The task:
Write the data out again exactly, with no pictures.

====== Supplied data

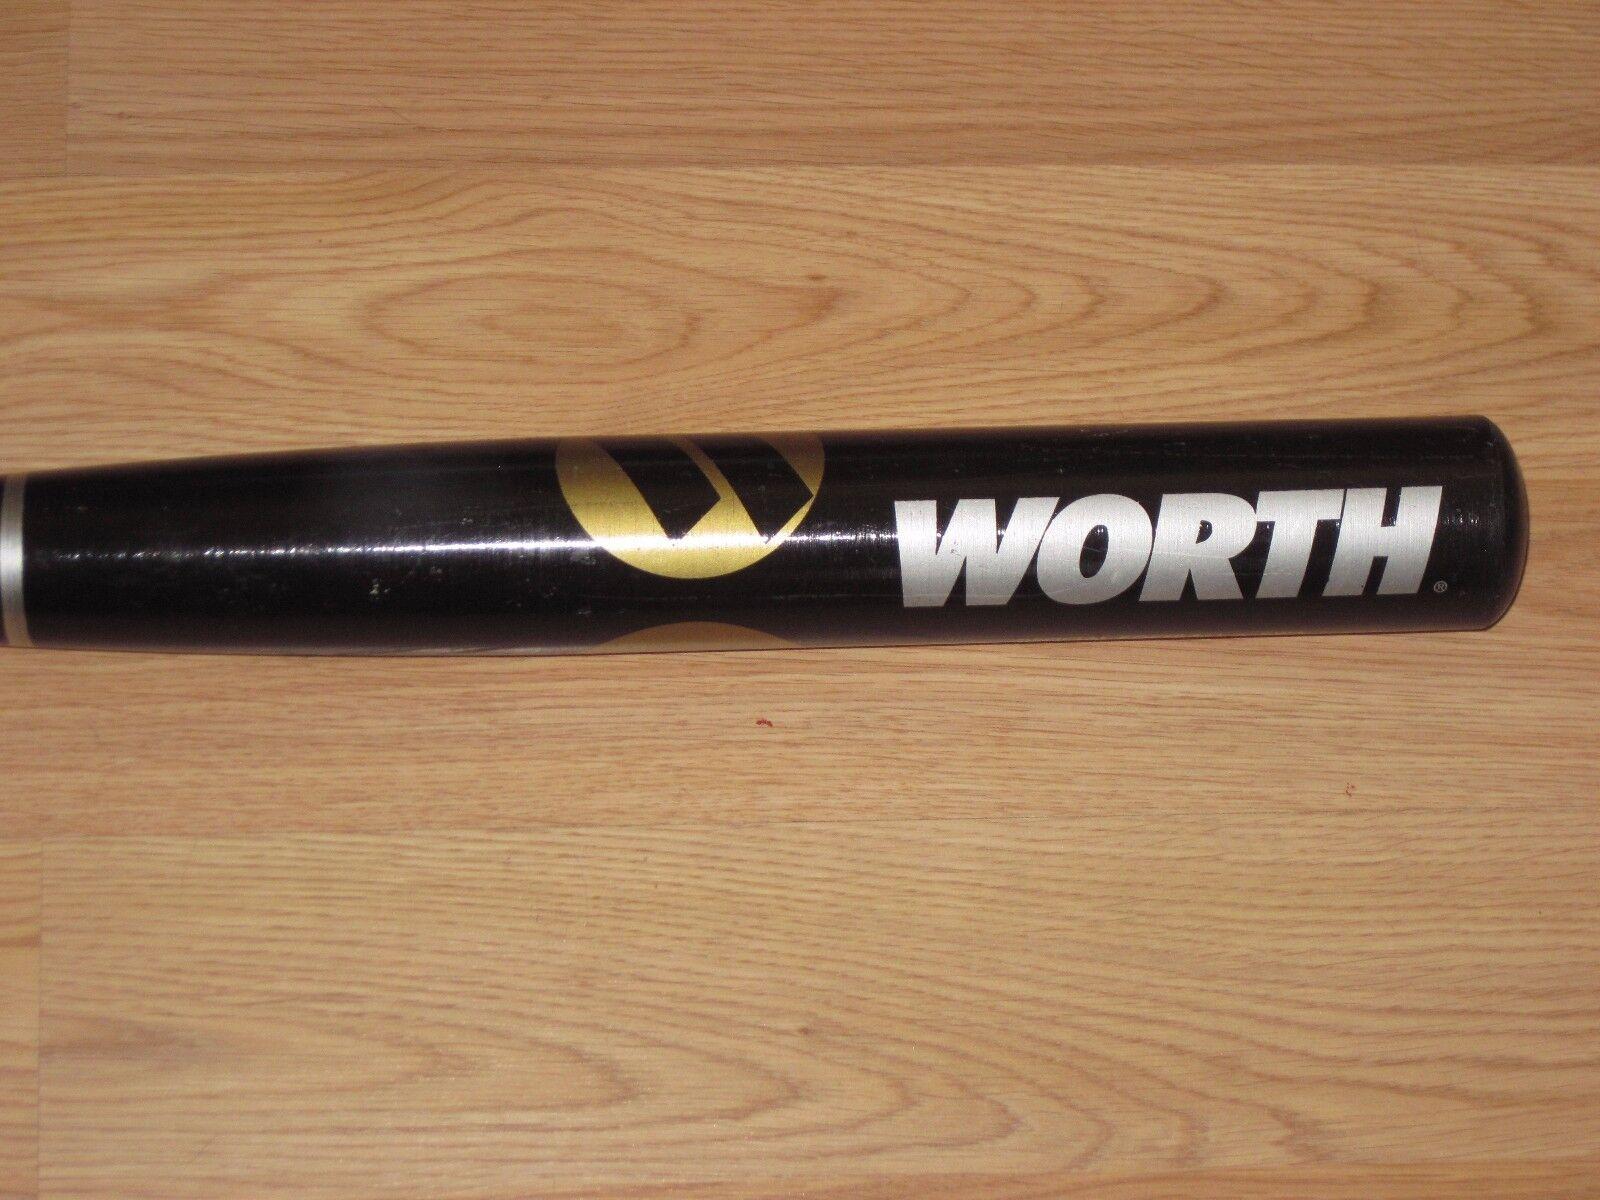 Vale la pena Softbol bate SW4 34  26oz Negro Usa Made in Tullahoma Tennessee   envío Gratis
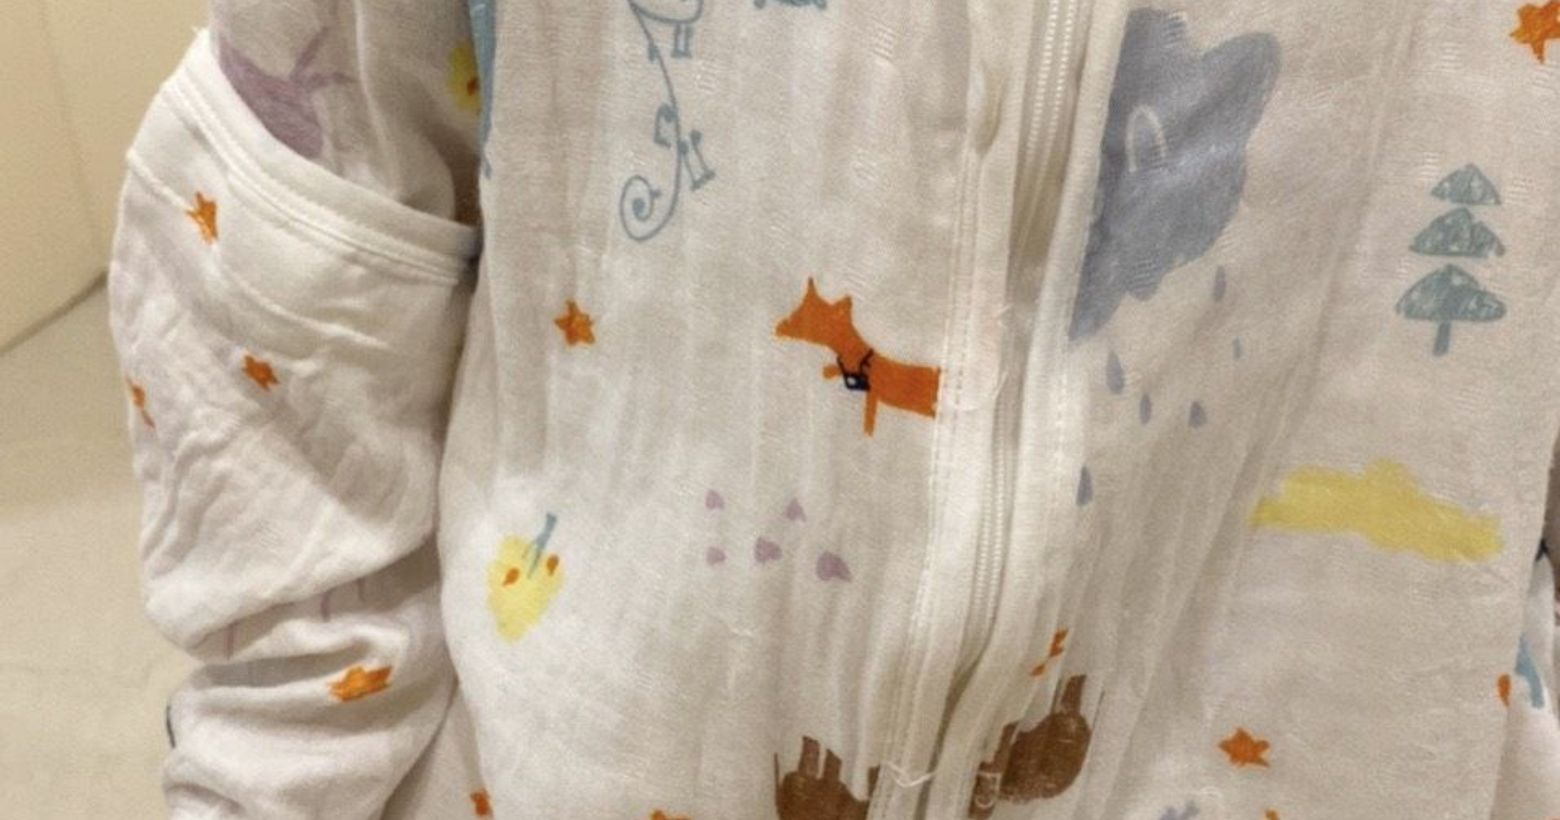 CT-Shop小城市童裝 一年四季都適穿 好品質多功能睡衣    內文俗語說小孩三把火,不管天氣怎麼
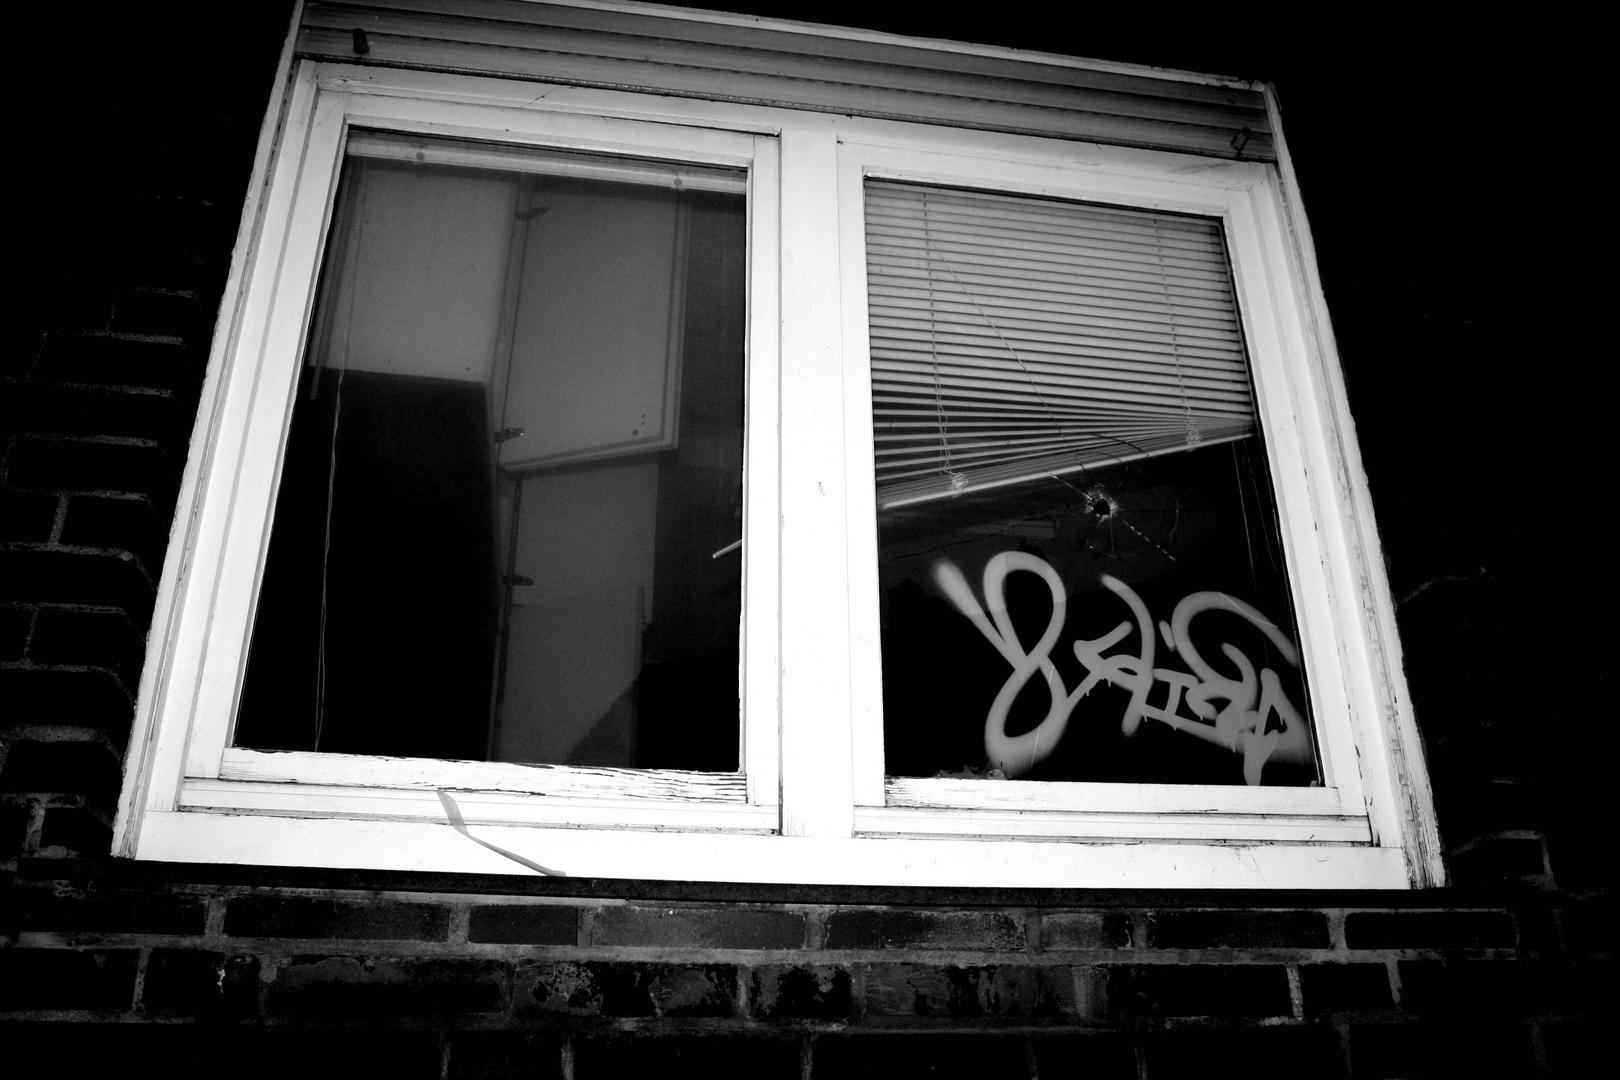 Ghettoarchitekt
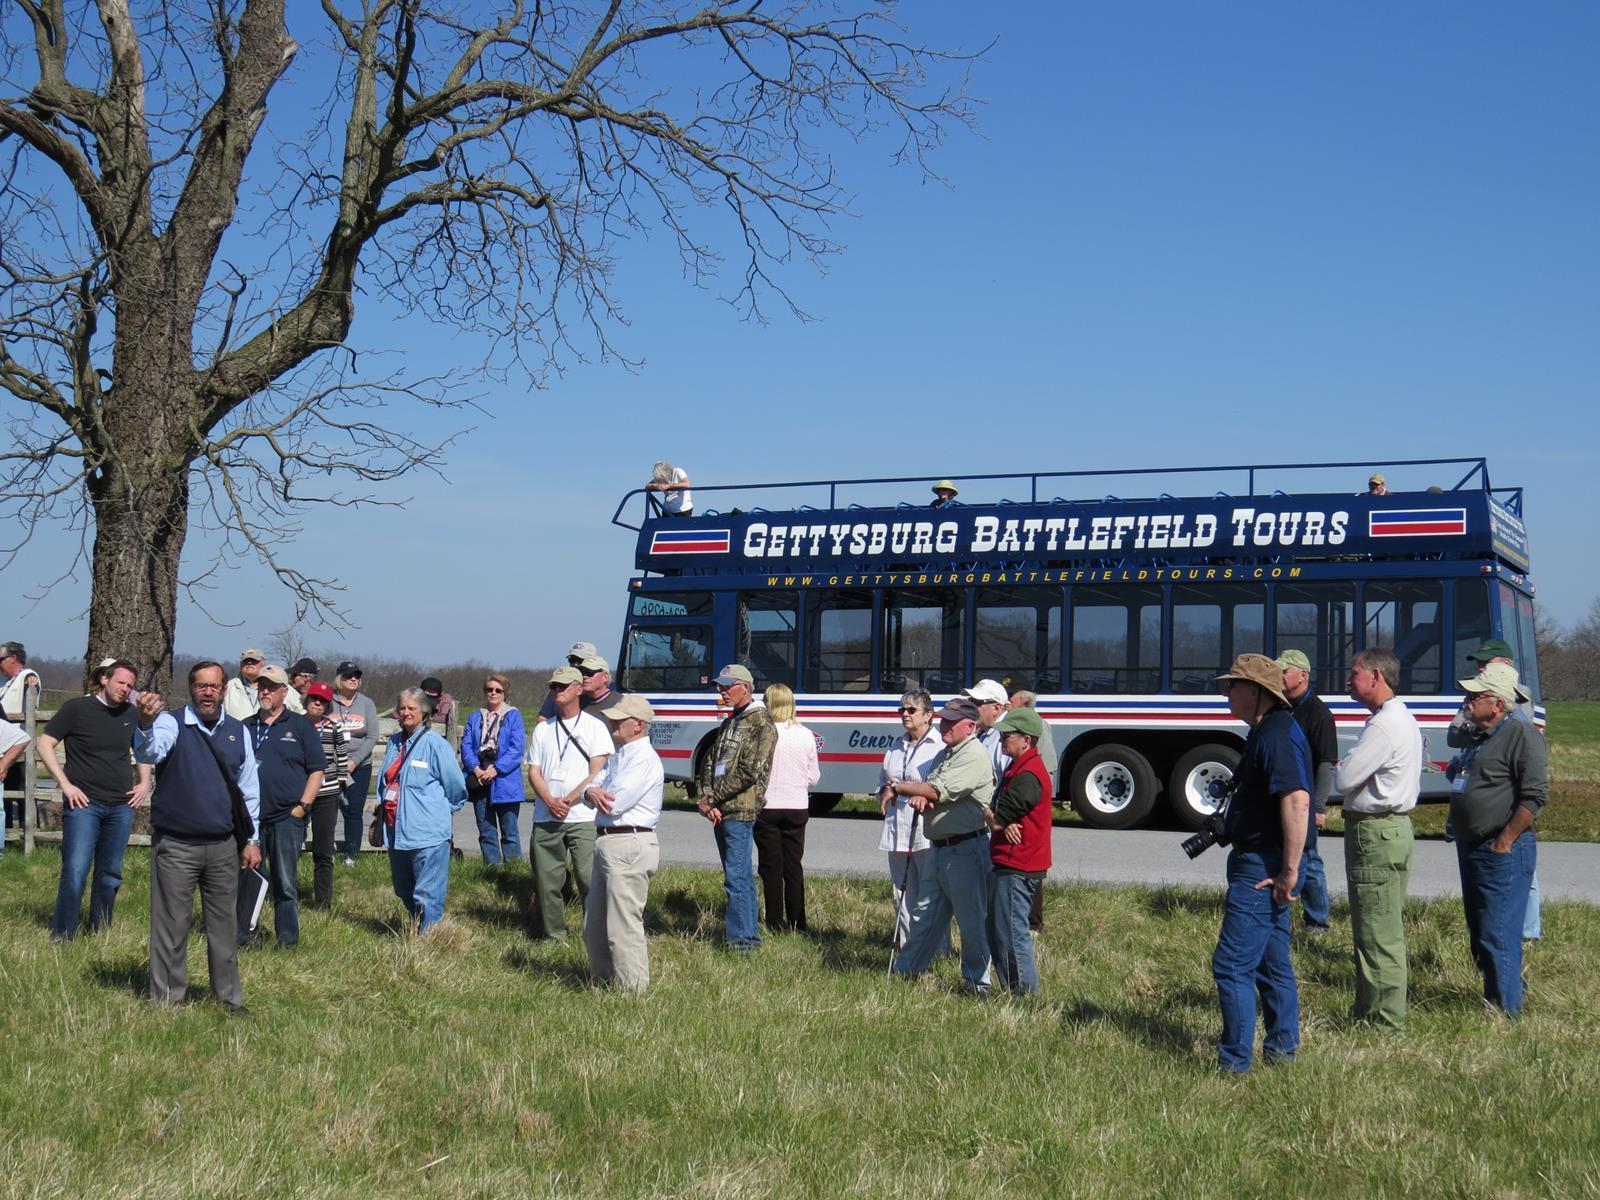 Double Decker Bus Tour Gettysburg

============

Written answer:
 Vale la pena Softbol bate SW4 34  26oz Negro Usa Made in Tullahoma Tennessee   envío Gratis
 CT-Shop小城市童裝 一年四季都適穿 好品質多功能睡衣    內文俗語說小孩三把火,不管天氣怎麼
 Ghettoarchitekt
 Double Decker Bus Tour Gettysburg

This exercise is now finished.